Few passages are as universally known as this one from the Gospel of John:

For God so loved the world, that he gave his only Son, that whoever believes in him should not perish but have eternal life. For God did not send his Son into the world to condemn the world, but in order that the world might be saved through him (John 3:16-17 ESV).

Granted, the second sentence isn’t as well known as the first, but the message is clear. God loves the world, especially the people of the world. This love is universal. It is not limited to one part of the world, one class of people, one stratum of society, or one race of humanity. This love was given, not to be rationed.
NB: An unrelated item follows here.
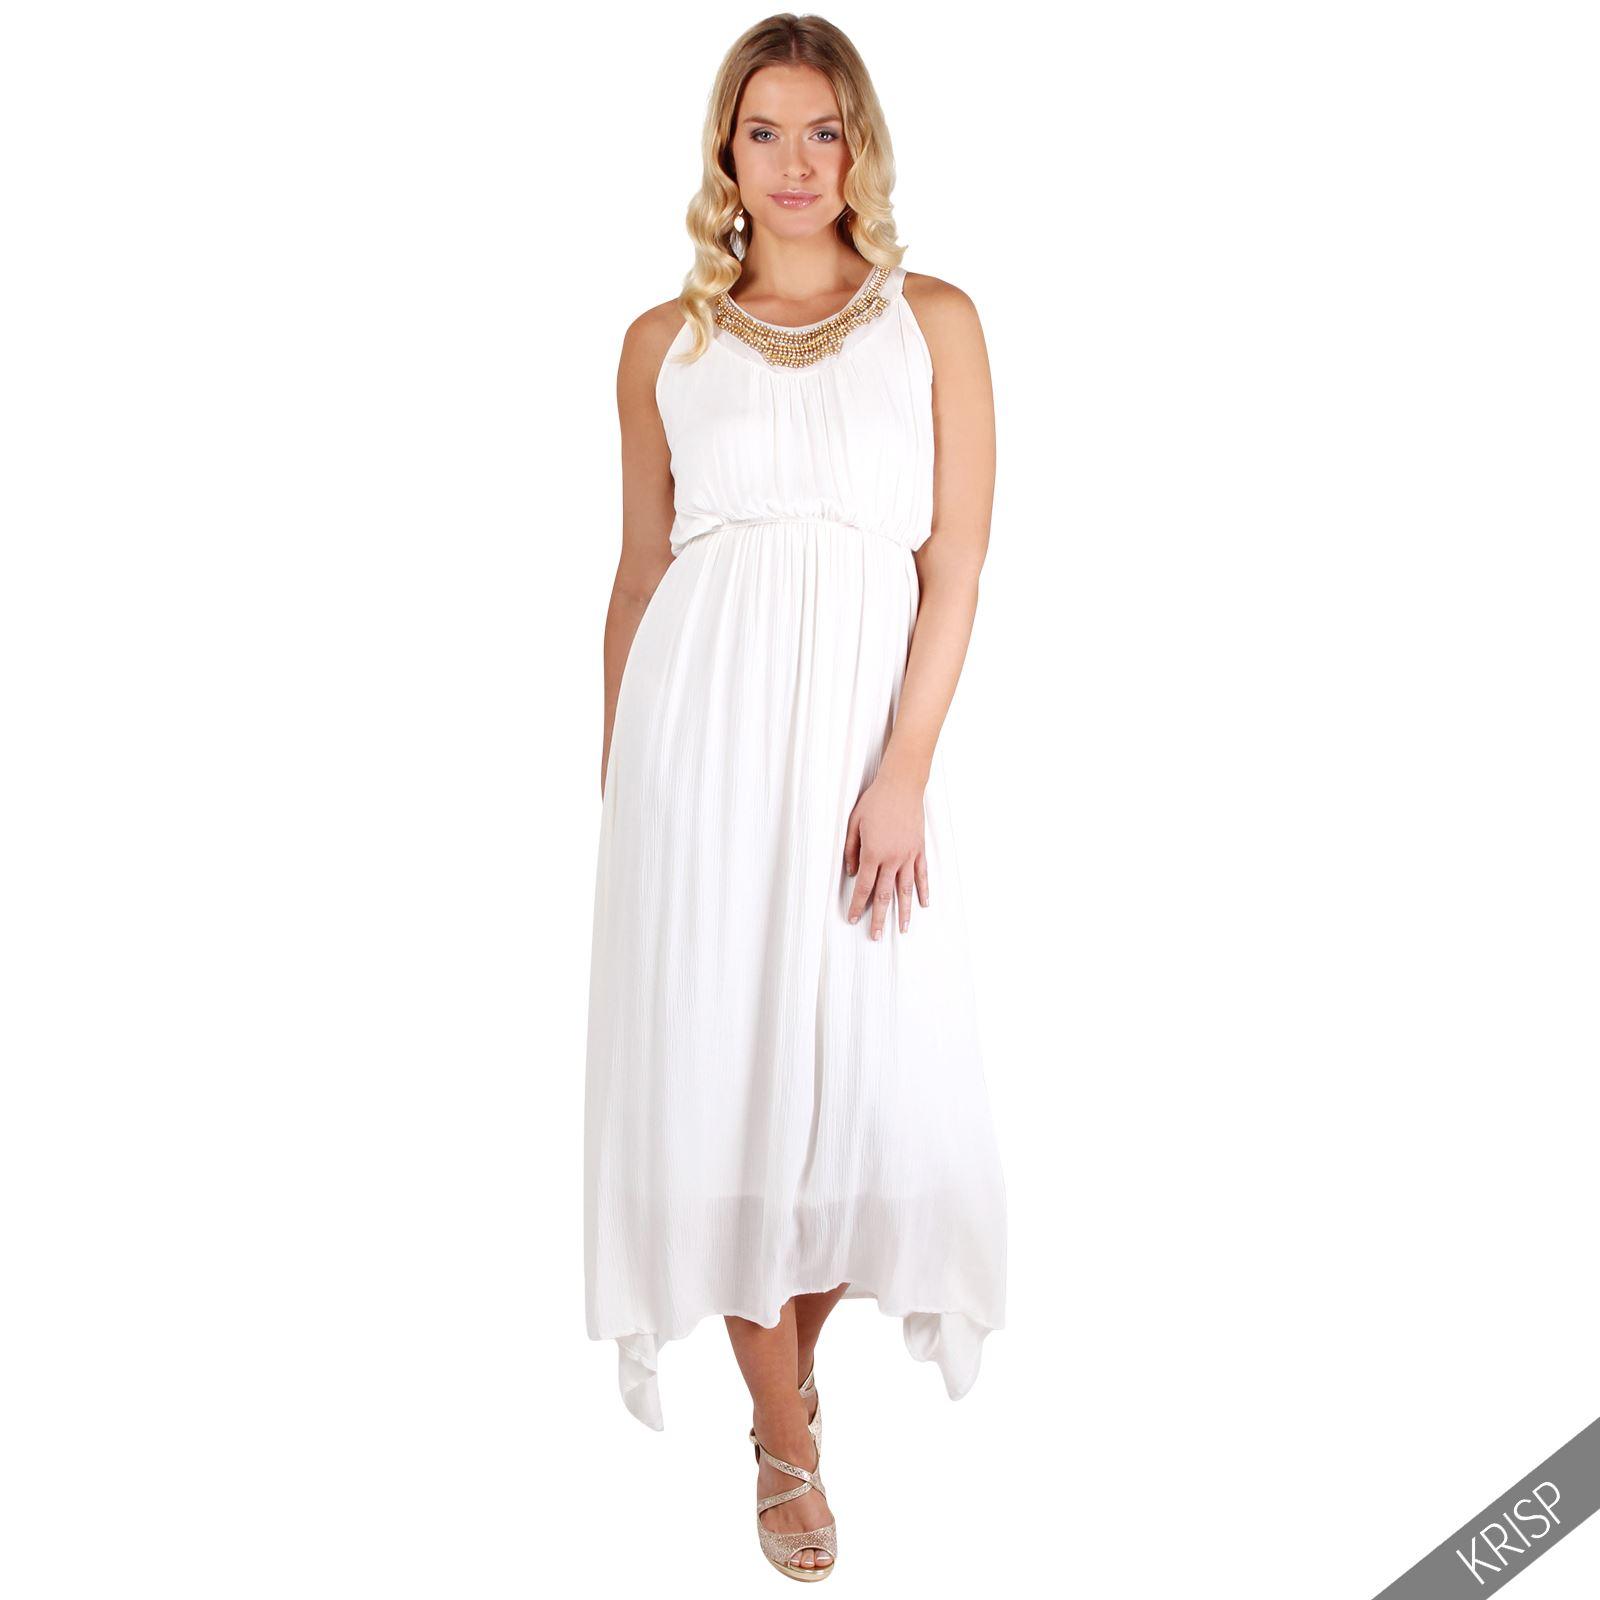 Wonderful Lace Summer Casual Evening Party Beach Dress Long Maxi Dress Plus Size LA | EBay

Shared to bring salvation, not to separate people from grace.

So, why is it so hard for believers — for those of us who claim allegiance to Jesus, the only Son whom God sent — to live out the love our Father has demonstrated?

Fear.

Fear of losing what we have achieved or received.

Fear of other cultures, races, and perspectives that see life and faith differently from us receiving God’s love just as we have.

Fear that the love God has shown toward others will be wasted because we feel they don’t deserve it or appreciate it as we do.

Fear that others will target that love, try to take advantage of it, persecute those who believe in it, or misuse the grace that propels it.

Fear that our emulation of God’s kind of love will leave us too soft, too vulnerable, to those who hate us and want to eradicate any who do not see life and religion as they do.

Fear that our response to that love will be in vain because our efforts at living morally in response to that love are ridiculed as unnecessary, close-minded, and culturally insensitive.

If we are honest, at some fleshly level we fear that Paul’s promise might not be true:

So now faith, hope, and love abide, these three; but the greatest of these is love (1 Corinthians 13:13 ESV).

Our fear indicates that the love that the Holy Spirit is pouring into our hearts (Romans 5:5) is being thwarted by our flesh.

There is no fear in love, but perfect love casts out fear… (1 John 4:18 ESV).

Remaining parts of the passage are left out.